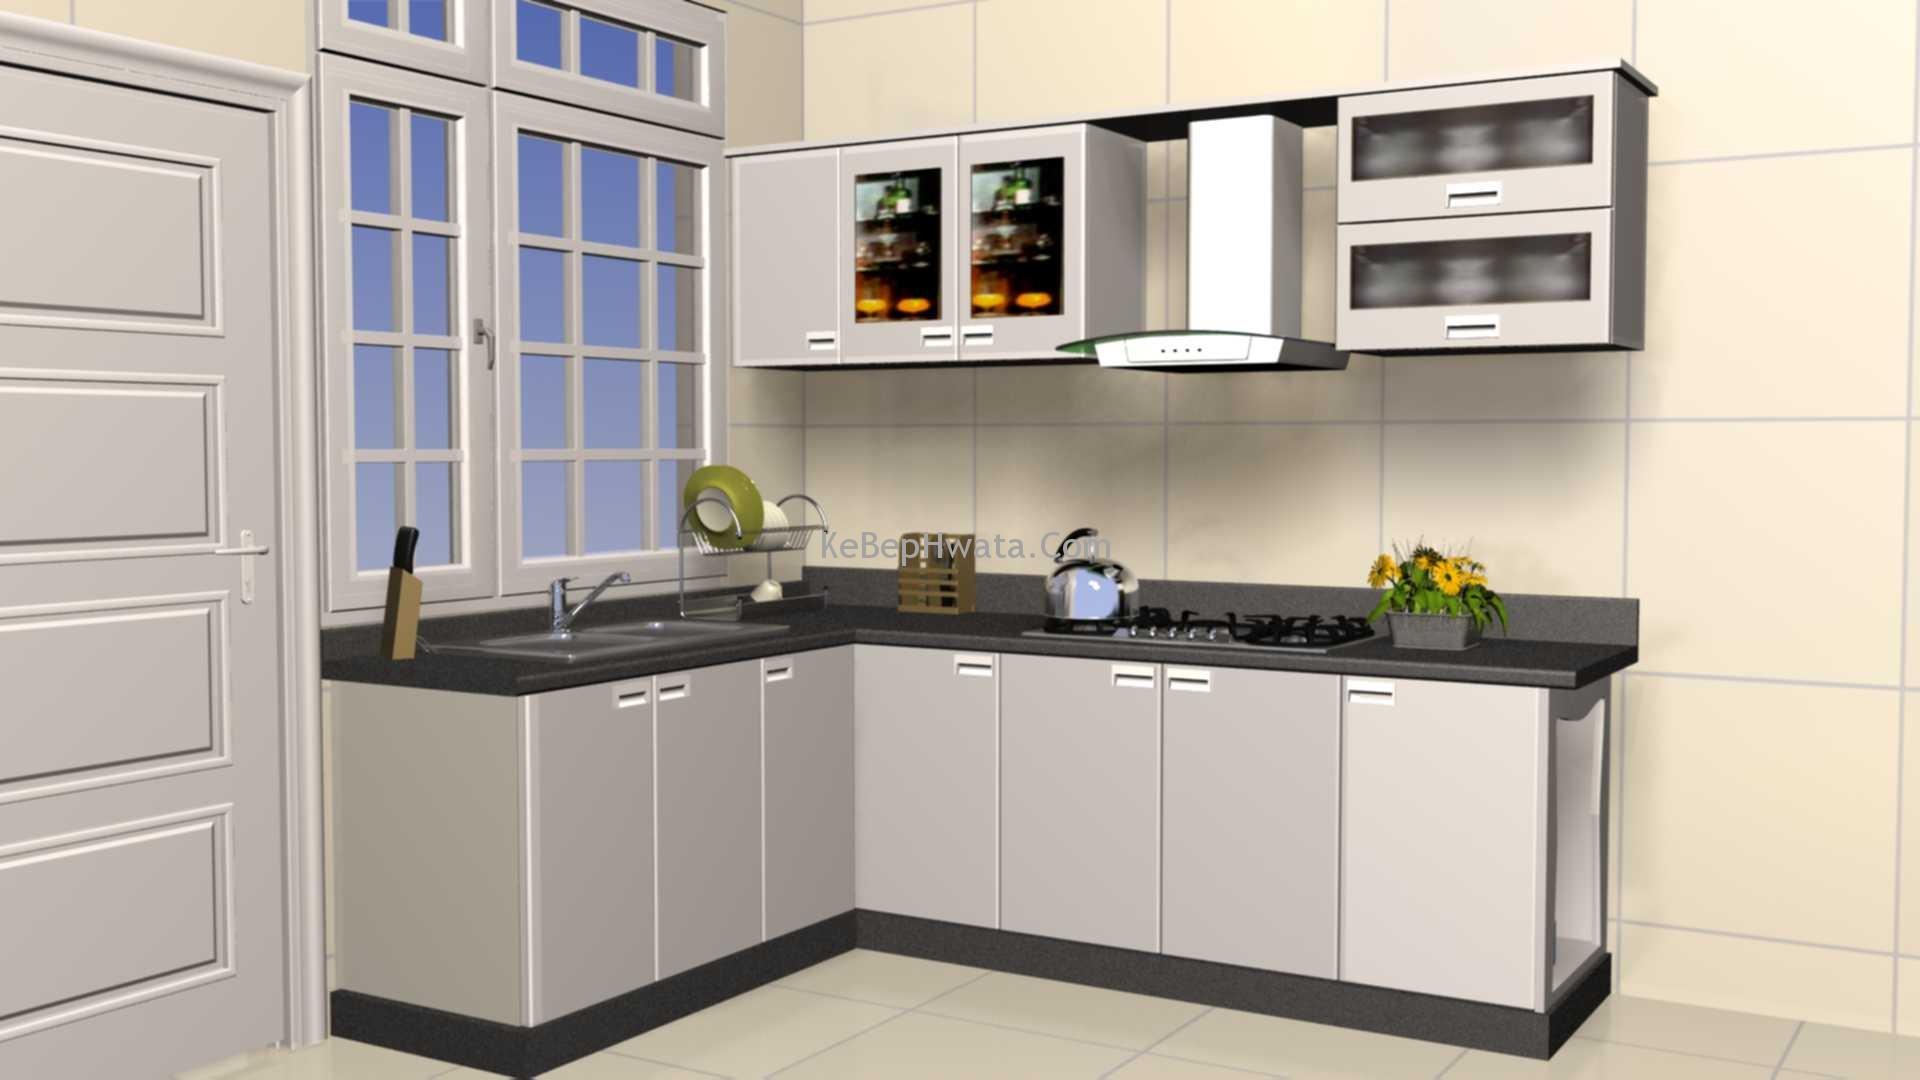 Tủ bếp inox đóng sẵn giúp gian bếp của bạn trở nên gọn gàng và sạch sẽ.
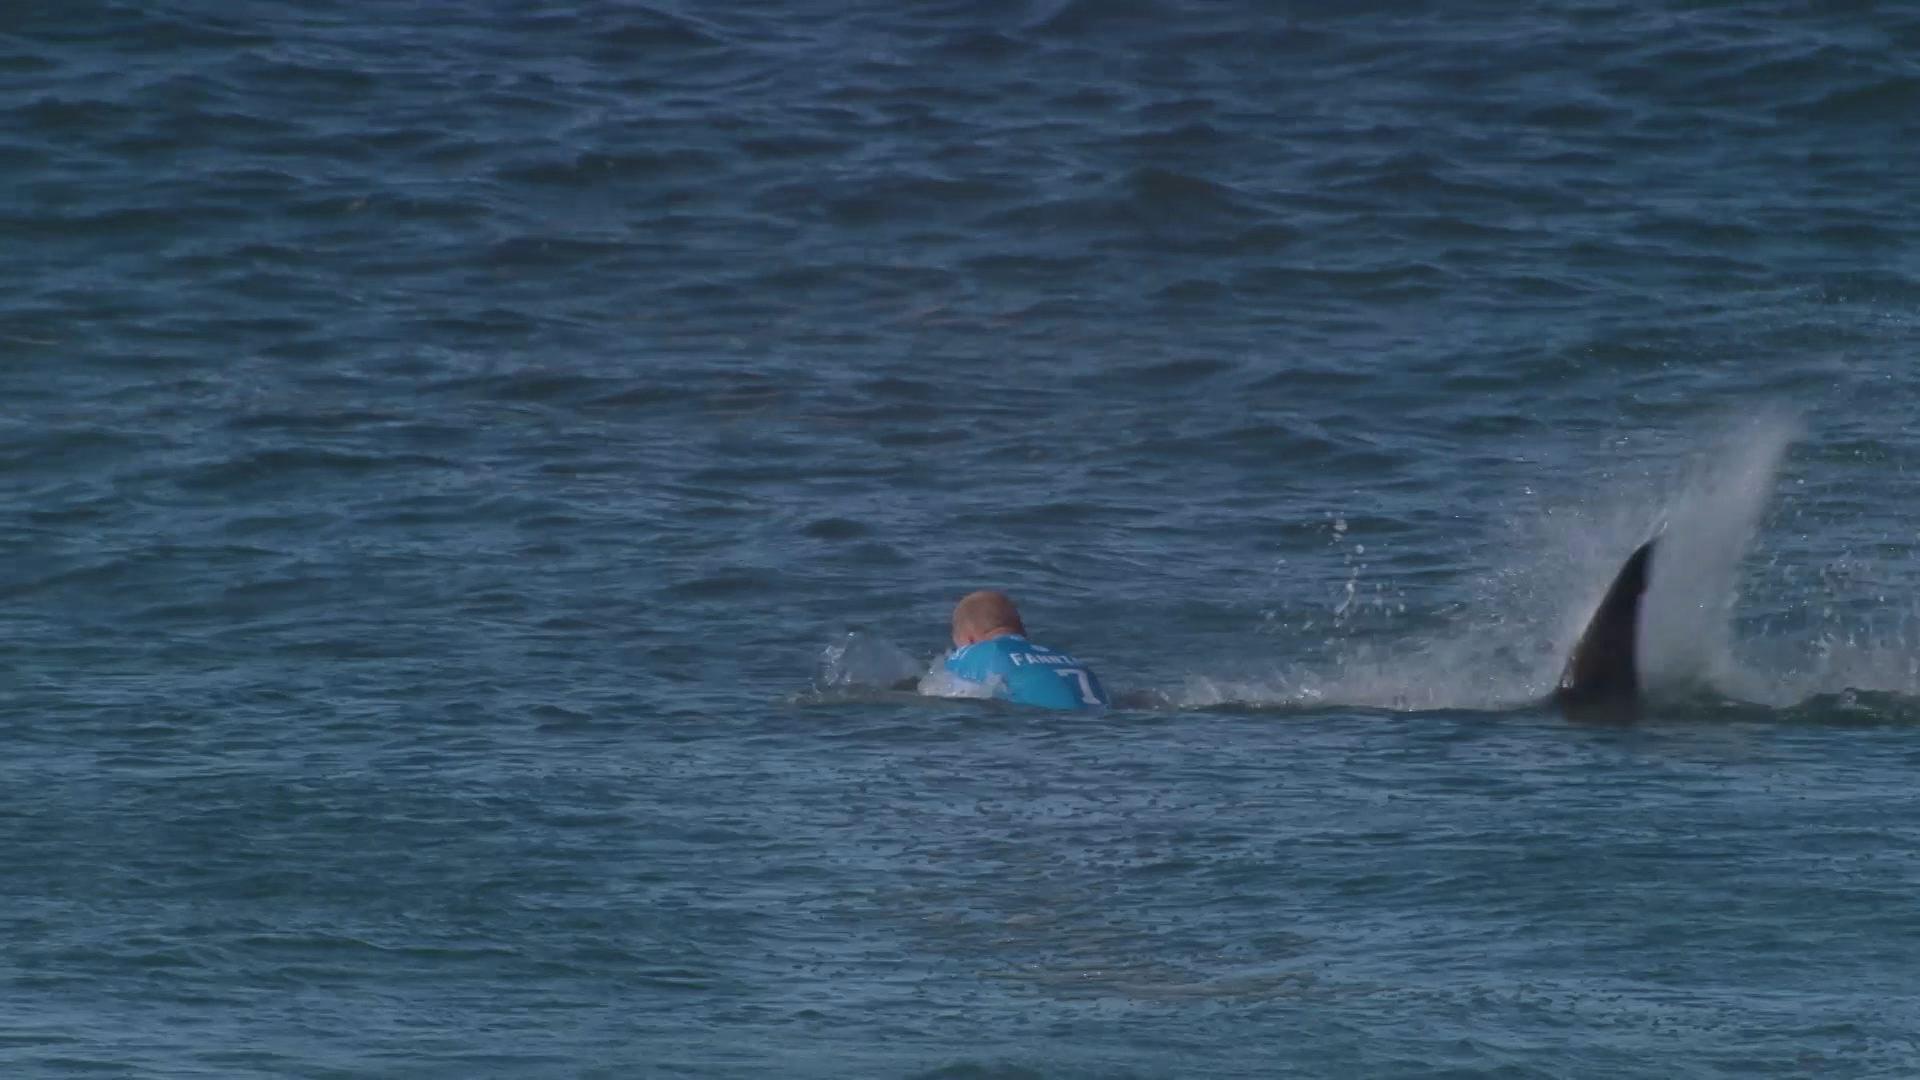 サーフィン世界大会で巨大サメが選手襲う!
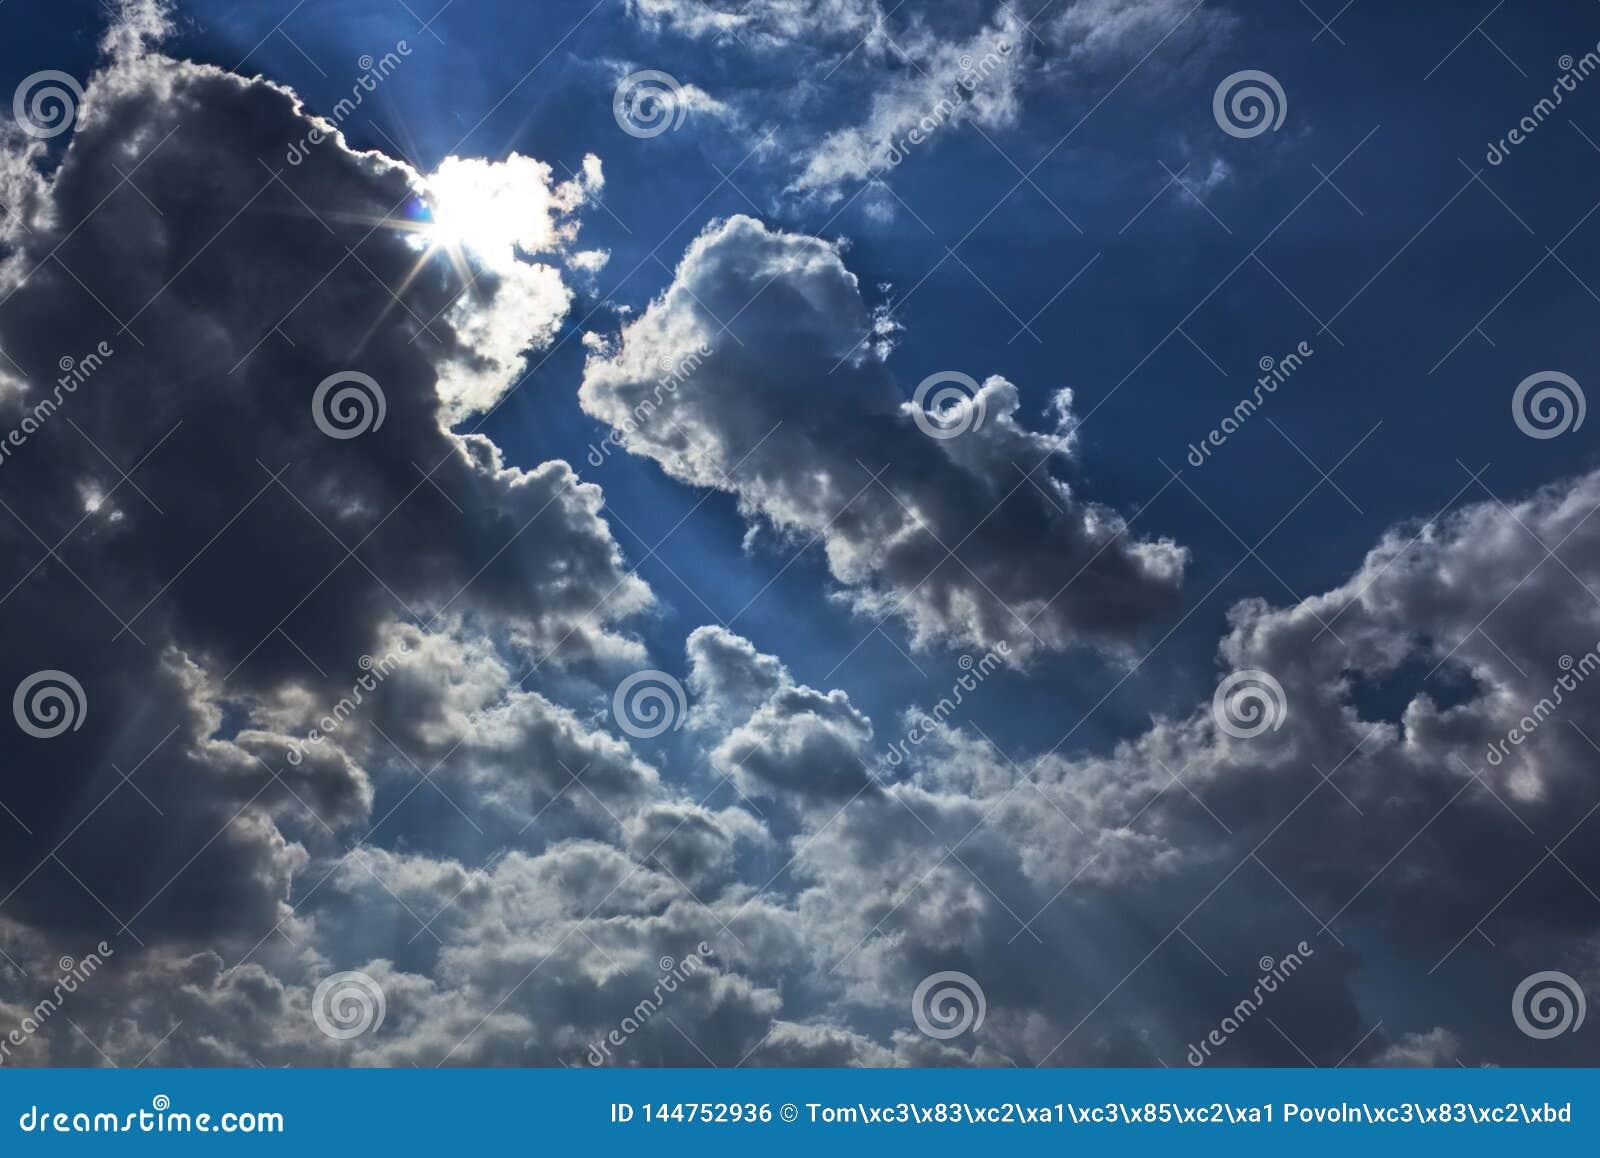 Dramatyczny niebo chmurnieje słońce raców przed grzmotem
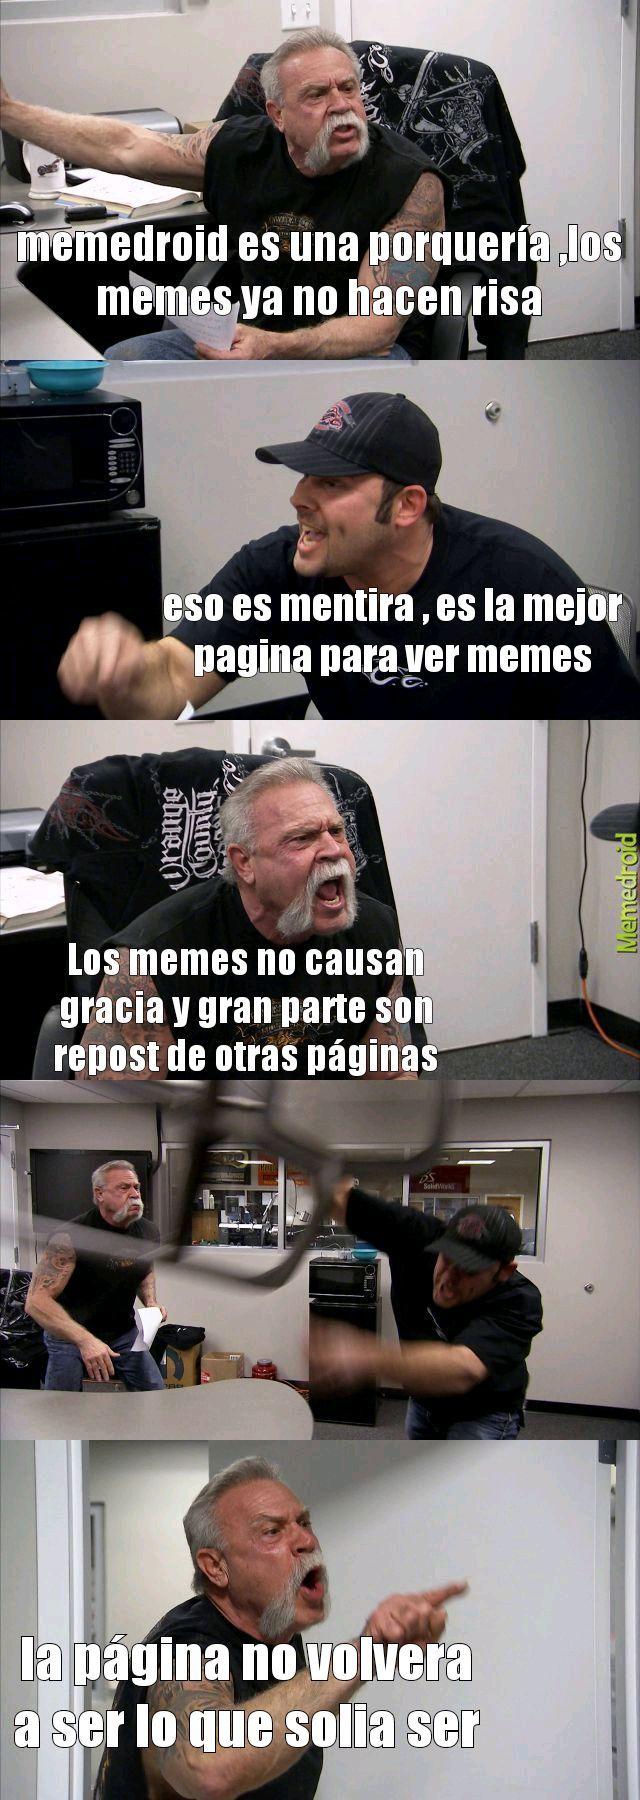 hahan't - meme
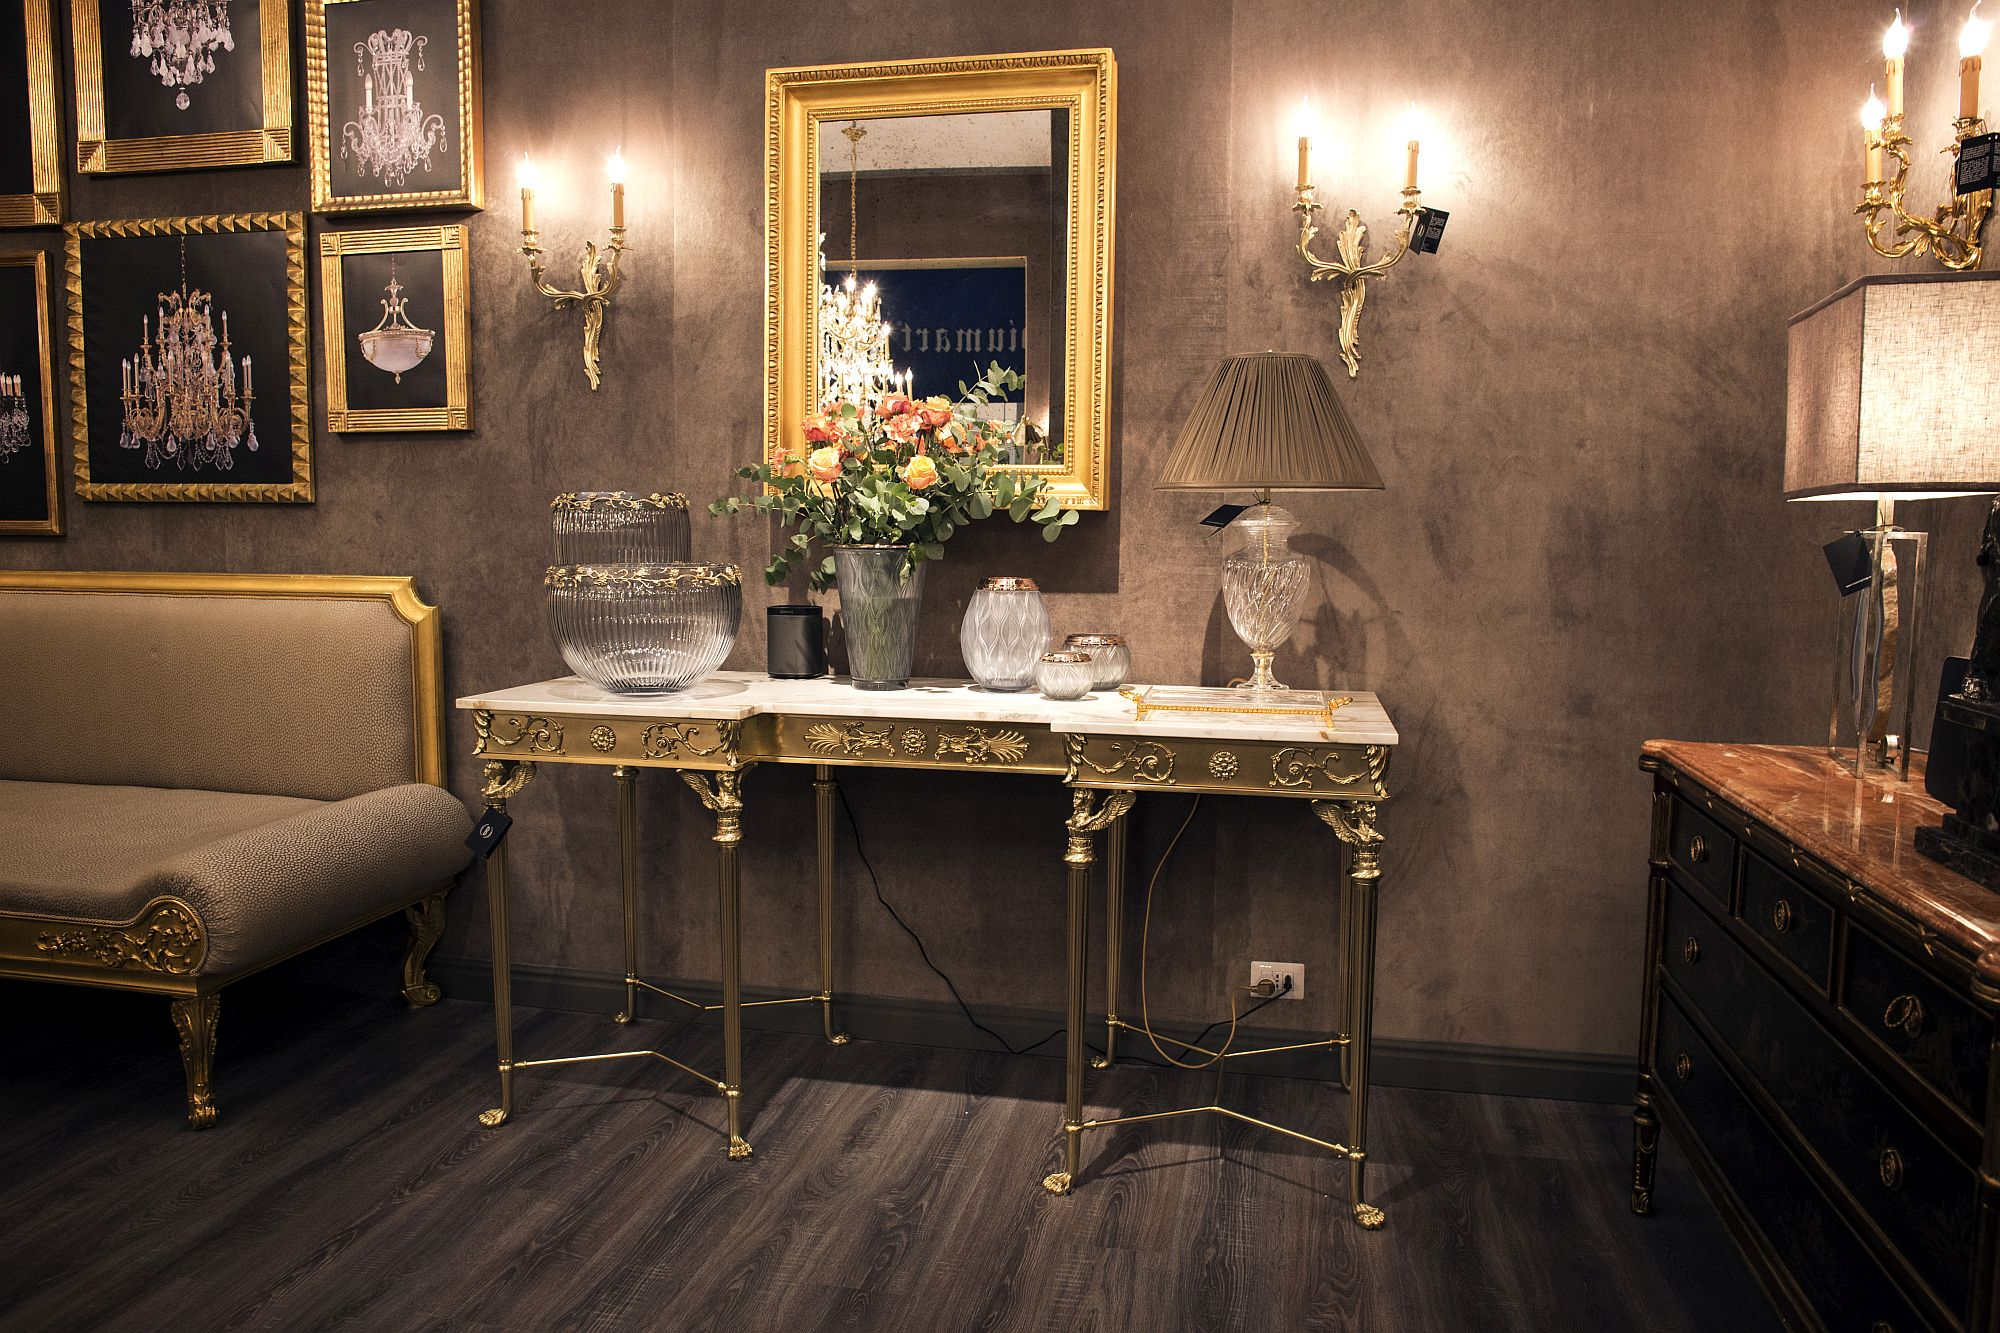 Frames-with-golden-glint-enliven-the-mundane-living-room

§ Exercise requirements
Omit every picture, then write out the entries above exactly.

§ Problem solution
 Tủ bếp inox đóng sẵn giúp gian bếp của bạn trở nên gọn gàng và sạch sẽ.
 サーフィン世界大会で巨大サメが選手襲う!
 Dramatyczny niebo chmurnieje słońce raców przed grzmotem
 hahan't - meme
 Frames-with-golden-glint-enliven-the-mundane-living-room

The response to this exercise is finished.